# Information shown
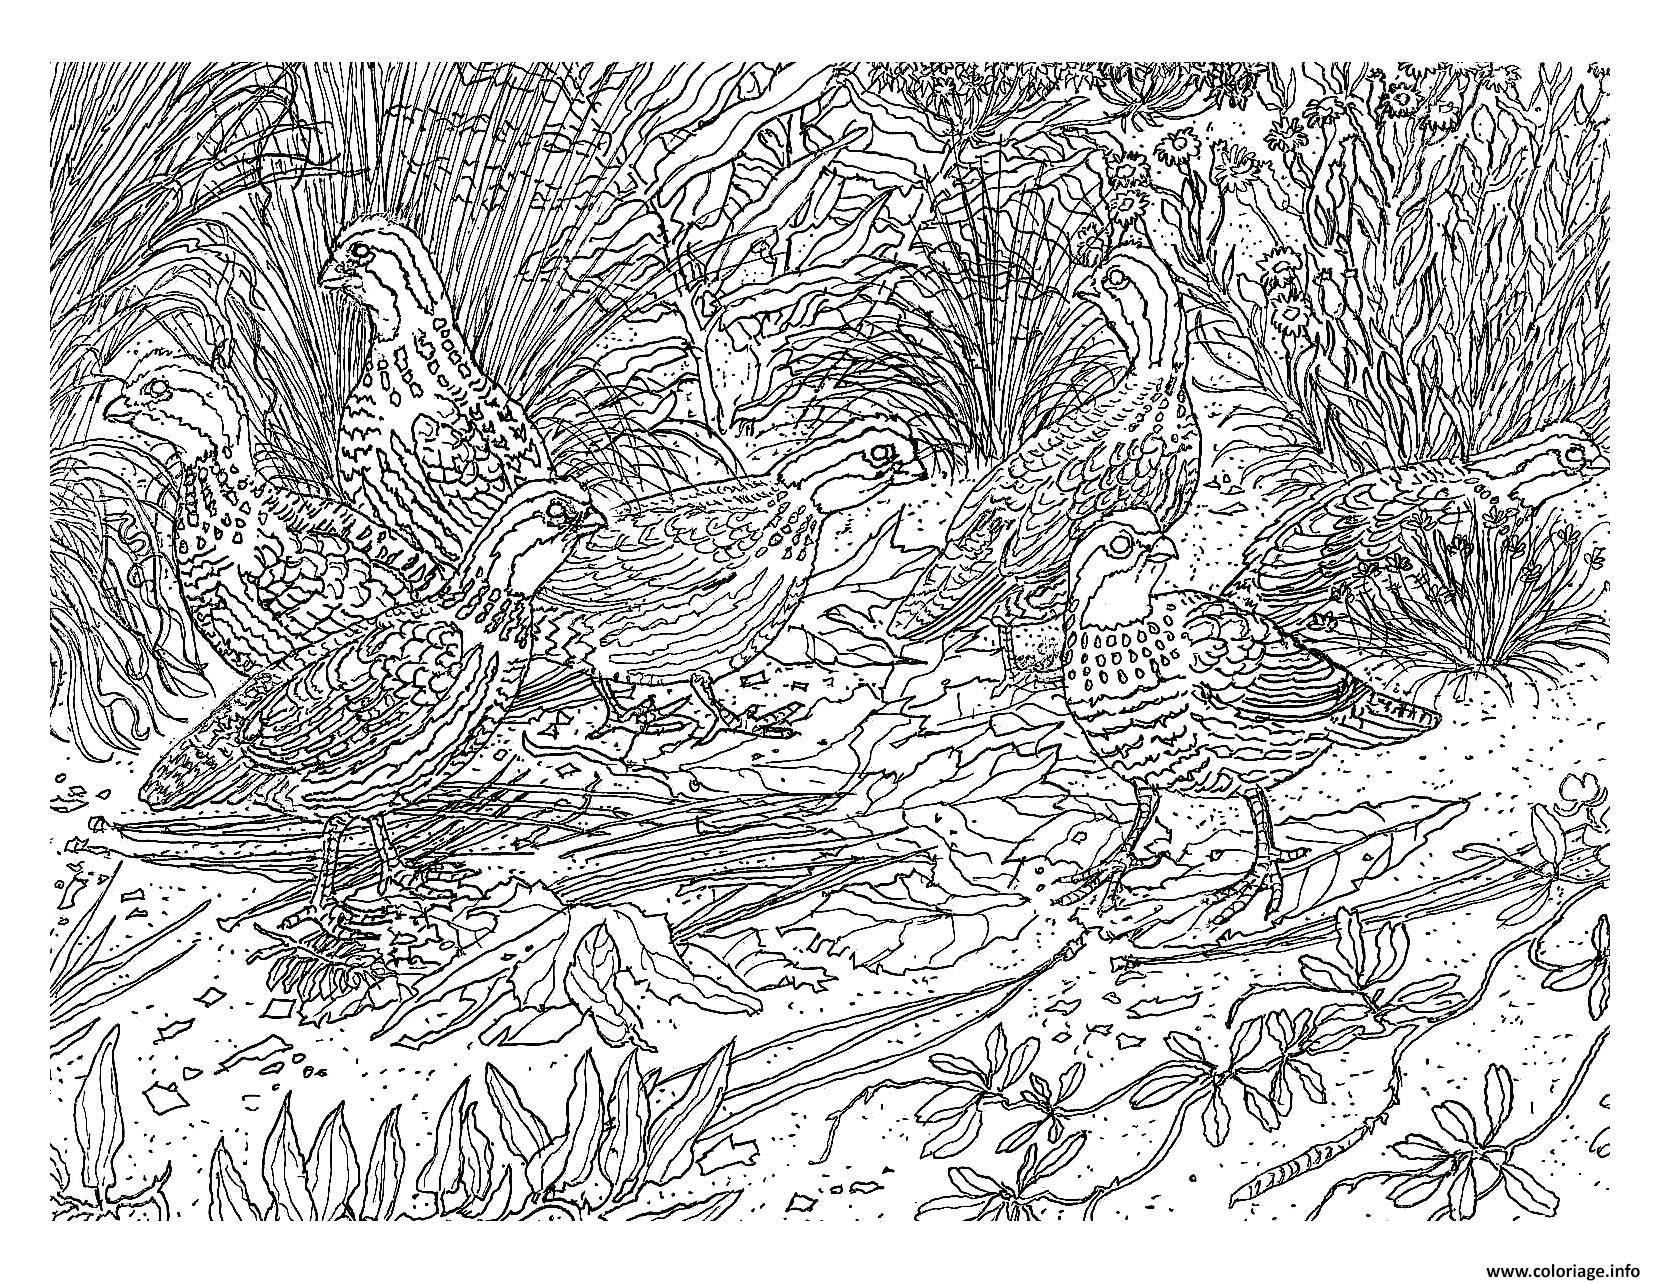 Coloriage Difficile Oiseau Dessin  Imprimer
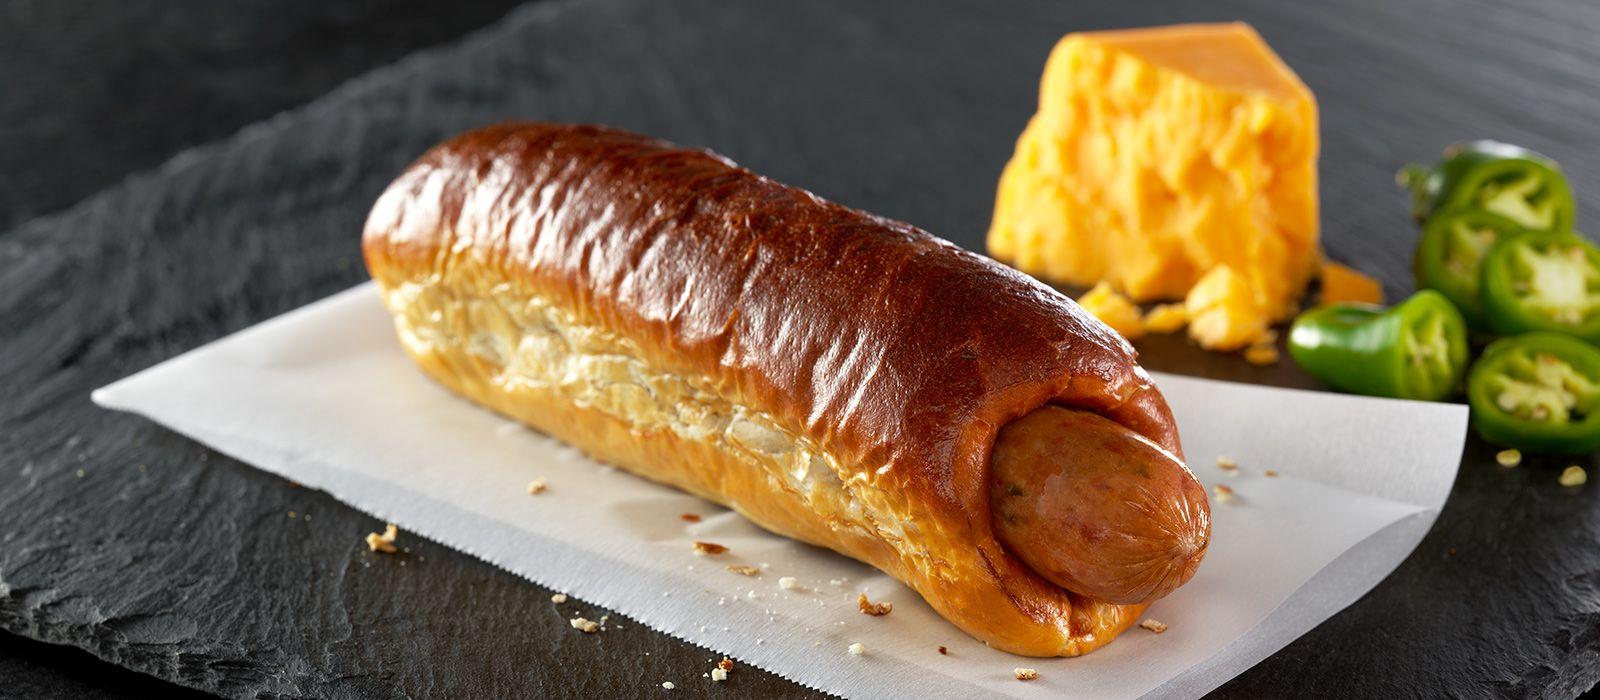 bahama mama jalapeno n cheddar twisted pretzel dog
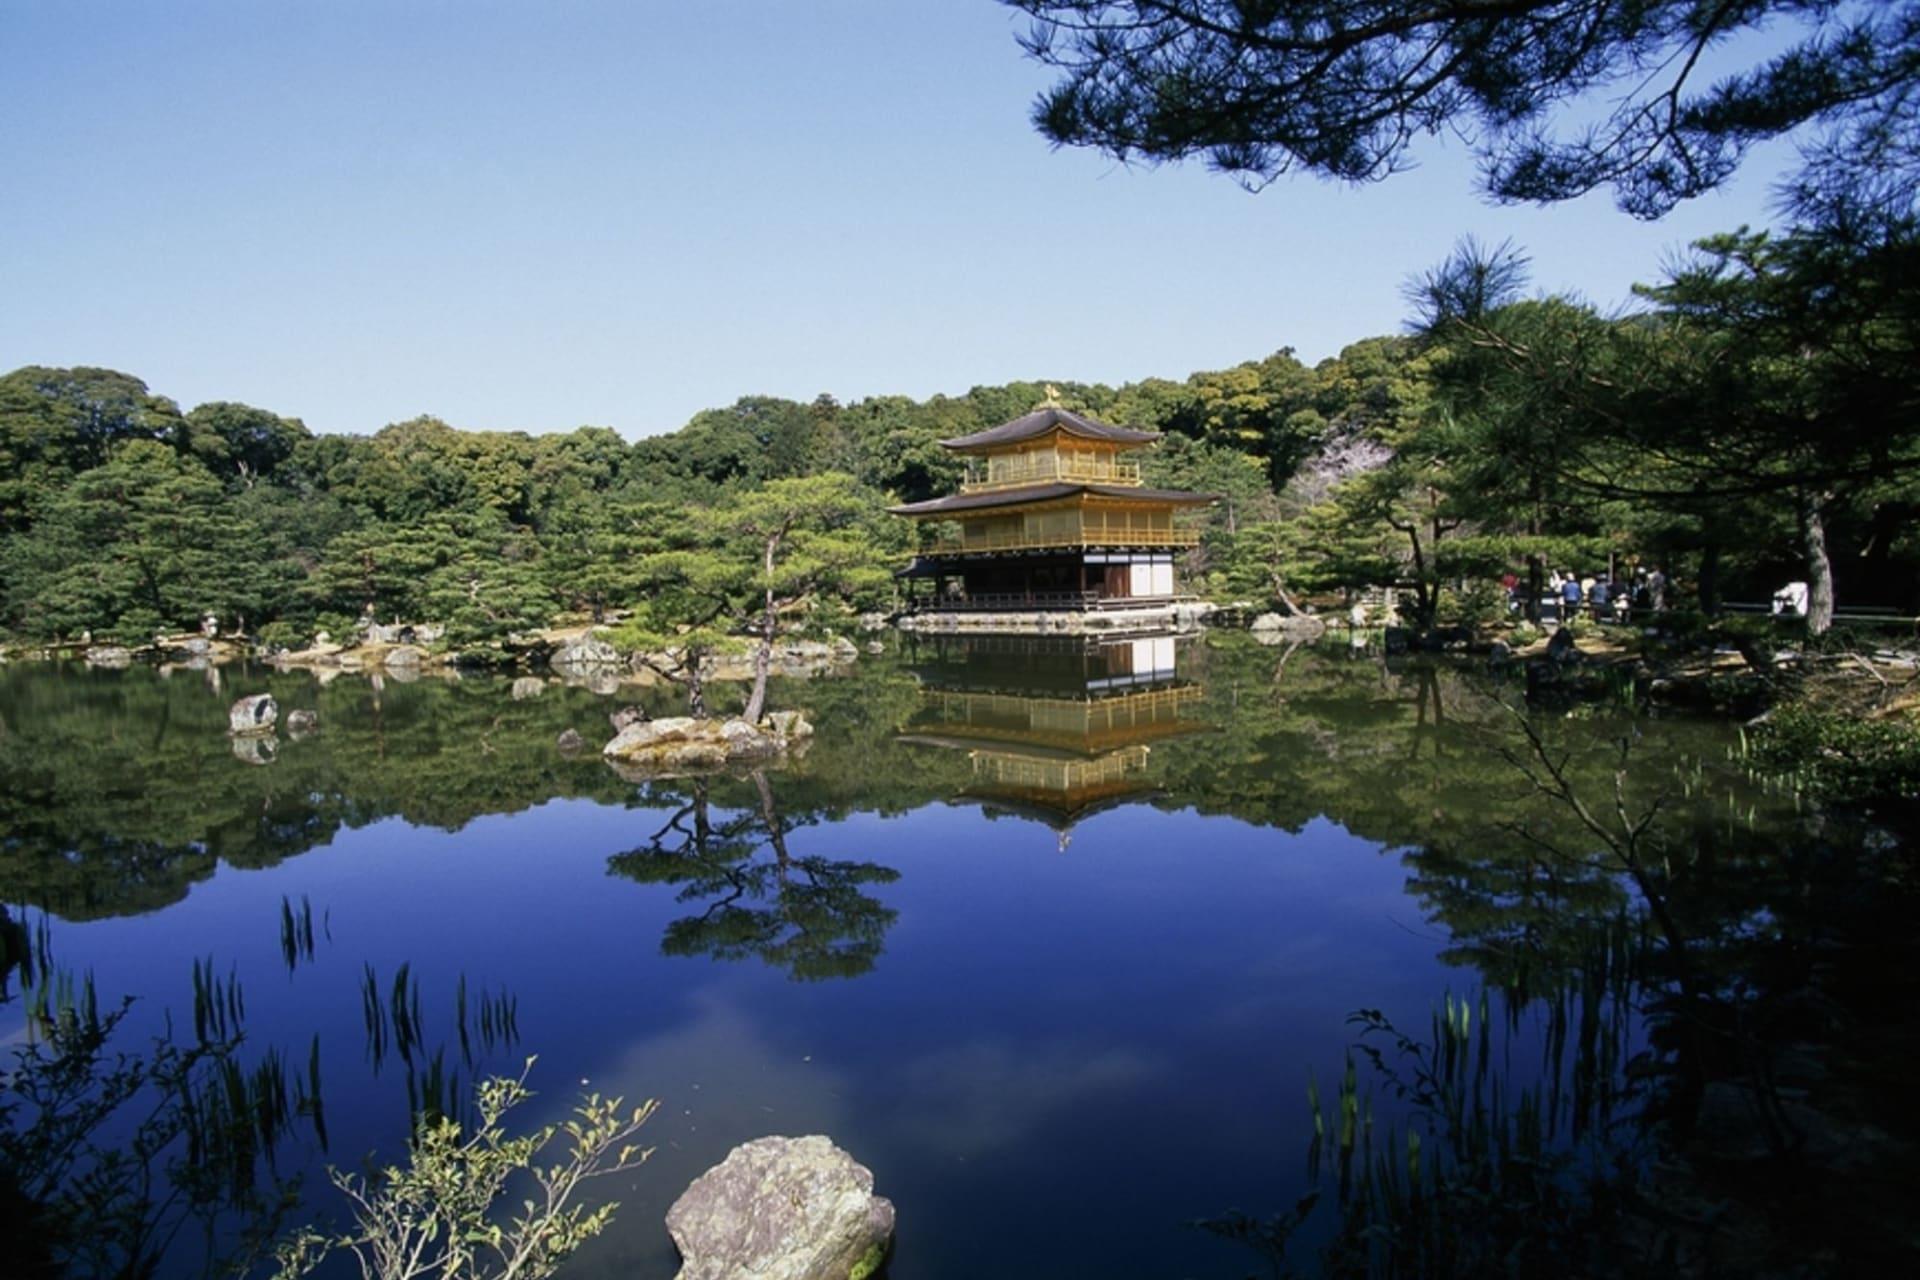 Kyoto Golden Pavilion Kinkakuji

# Exercise details
Leave the pictures out and output the rest of the data word for word.

# Solution
 Coloriage Difficile Oiseau Dessin  Imprimer
 bahama mama jalapeno n cheddar twisted pretzel dog
 Kyoto Golden Pavilion Kinkakuji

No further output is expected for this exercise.